Big Russ is on fire at the moment, ain't he?
Midnight, as was said before, was the dog's bollocks. Overturning all of the less enjoyable aspects of The Doctor in the past few years and turning it into something beautifully creeping and rotten. Turn Left was a bloody great punch in the stomach for most of the episode too. What with these two following Moffat's two-parter, this season feels more like old Who than any of the previous three.
So this seems to be how the resolved the scheduling problems this season, instead of taking Doctor and Companion out of the picture completely for an episode (a la Blink and Love and Monsters) they split them apart over two episodes and really get to the bottom of their dynamic by showing what happens when one doesn't have the other. On top of that, they're using budgetery constrictions to tell stronger, more character-based stories. That's very bloody clever production. The show's much better for it.
That was a stormer of an episode. Tate has been a constant revelation this series and this was totally her time to shine. She's a far better dramatic actress than she is a comedian and this is the best thing I've seen her in yet.

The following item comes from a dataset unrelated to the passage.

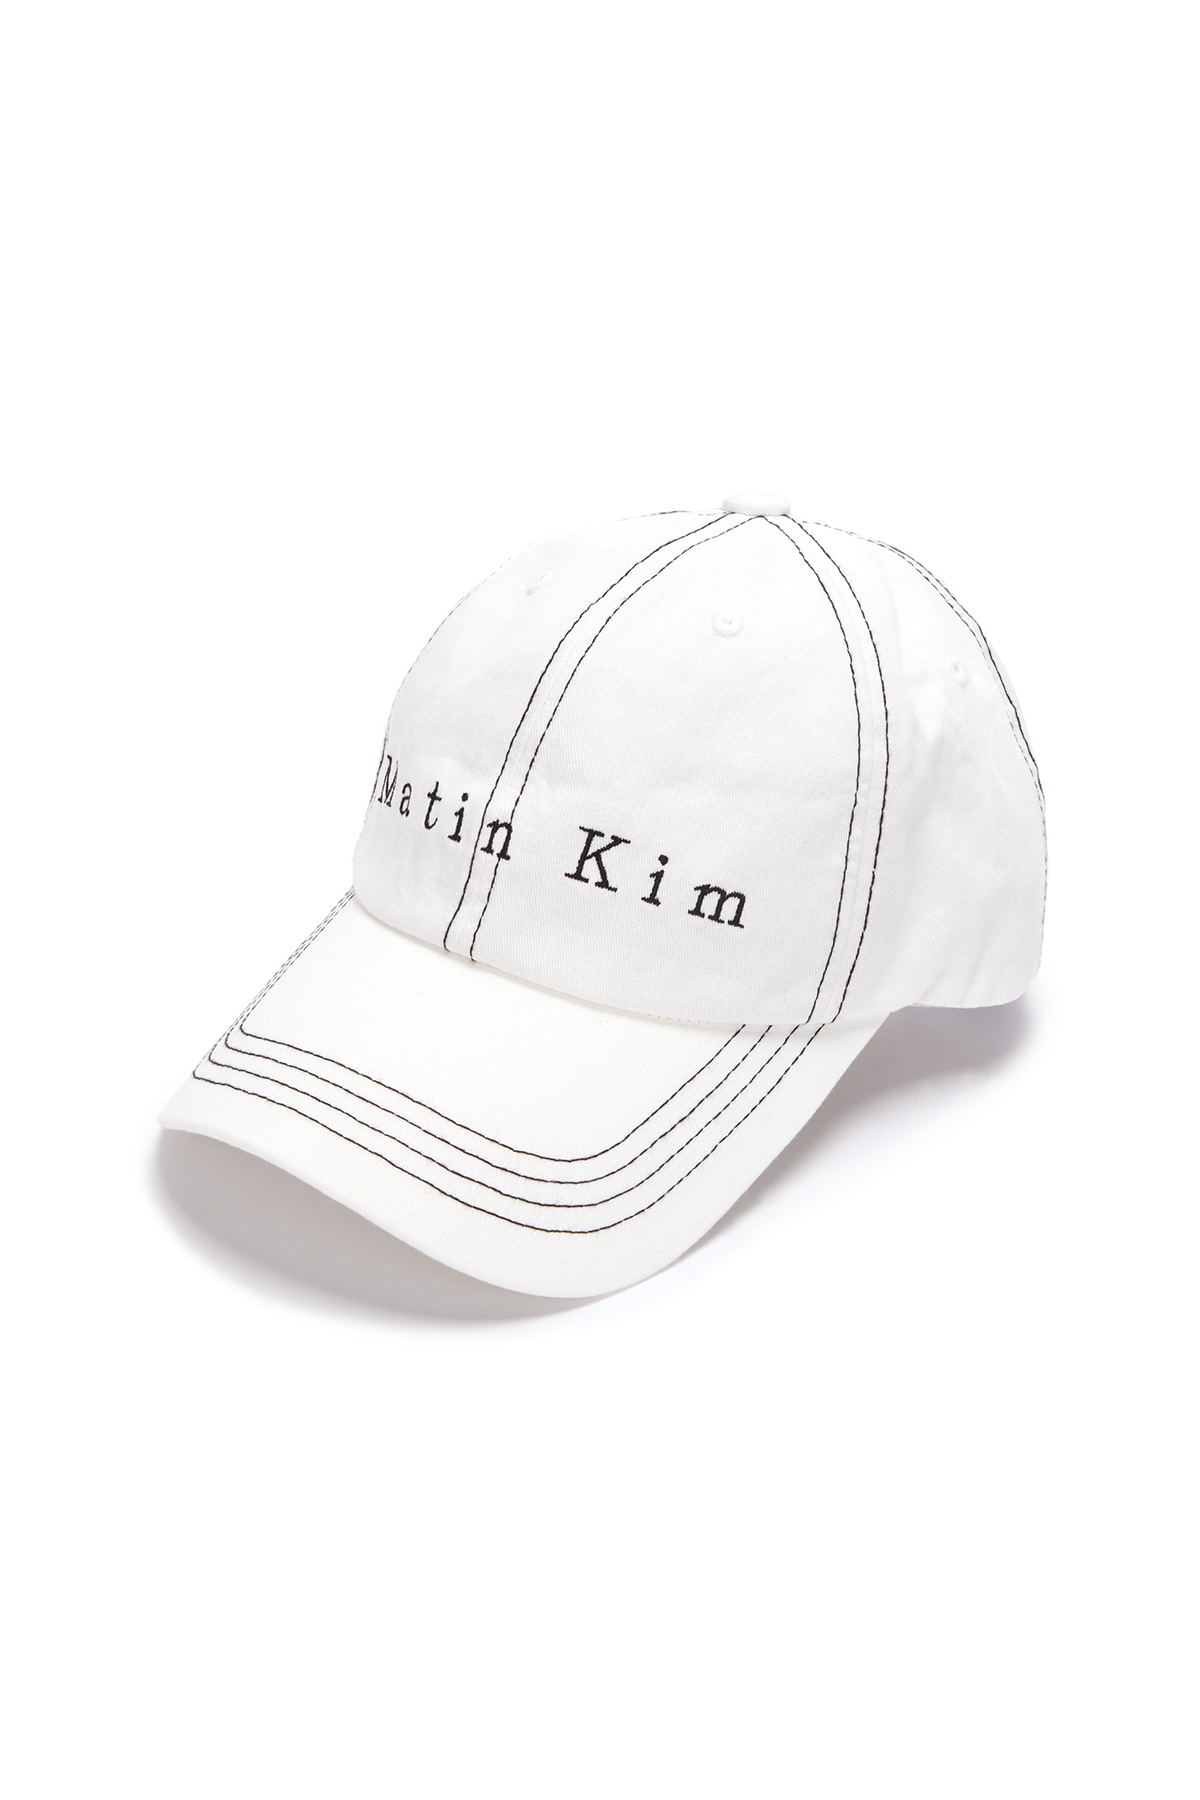 MATIN STITCH BALL CAP IN WHITE

In a lot of ways this episode seemed almost like a response to the end of last season, which I found to be quite weak, in showing how companions (and the earth) cope in a world without the Doctor. I felt that when Doctor Who first started back, there seemed to be a lot of the old flavour, tempered with a good bit of kiddie-concession. I thought it would gradually fade these bits back as the series established itself. There's been a few episodes here and there that supported that hope (Unquiet Dead, Impossible Planet, Gridlock, Human Nature, Anything By Moffat) but the finale of last-season seemed to me like the more childish elements of it were winning out. Things looked bad for a bit, but I thought Simm's turn was a bit lacking in gravitas and menace while Martha's contribution seemed a little trivialised by the Doctor's rather pat form of self-aggrandising victory.
Not so here (though there's still two episodes to go). That was fucking brutal from start to finish. This is TV that demands the kids to bring themselves up to its level, rather than trying to play down to them. I mean, this episode last season, Utopia, was a really good turn, but I reckon that was down mostly to two scenes: The Doctor's chat with Jack, and Jacobi's gruesome transformation from kindly old professor who'd feed you Whizz-Pop Lemonade into the nasty old scientist who'd touch you up while you were drinking it.
This was a strong, everyday concept (how would the world be different if you'd made just one tiny choice differently) ramped up to mythic status and run with until it crashes into a busload of schoolchildren. That's when any sort of horrific fiction works best, I think.
Strongly written, pulling in everything it can from previous episodes to mix the whole series together into the one big volatile cocktail. There's four seasons of emotional connections built up between show and viewer by now, and RTD looks intent on pulling in favours from all of them.
Very much looking forward to the ending. Gutted I'll be at Glastonbury during next week (O this hard and difficult life), but it does mean I'll be mashing them together into a double-packed sandwich when I do get to watch them, so can't complain.
Loads more to say really, but I think that's the jist.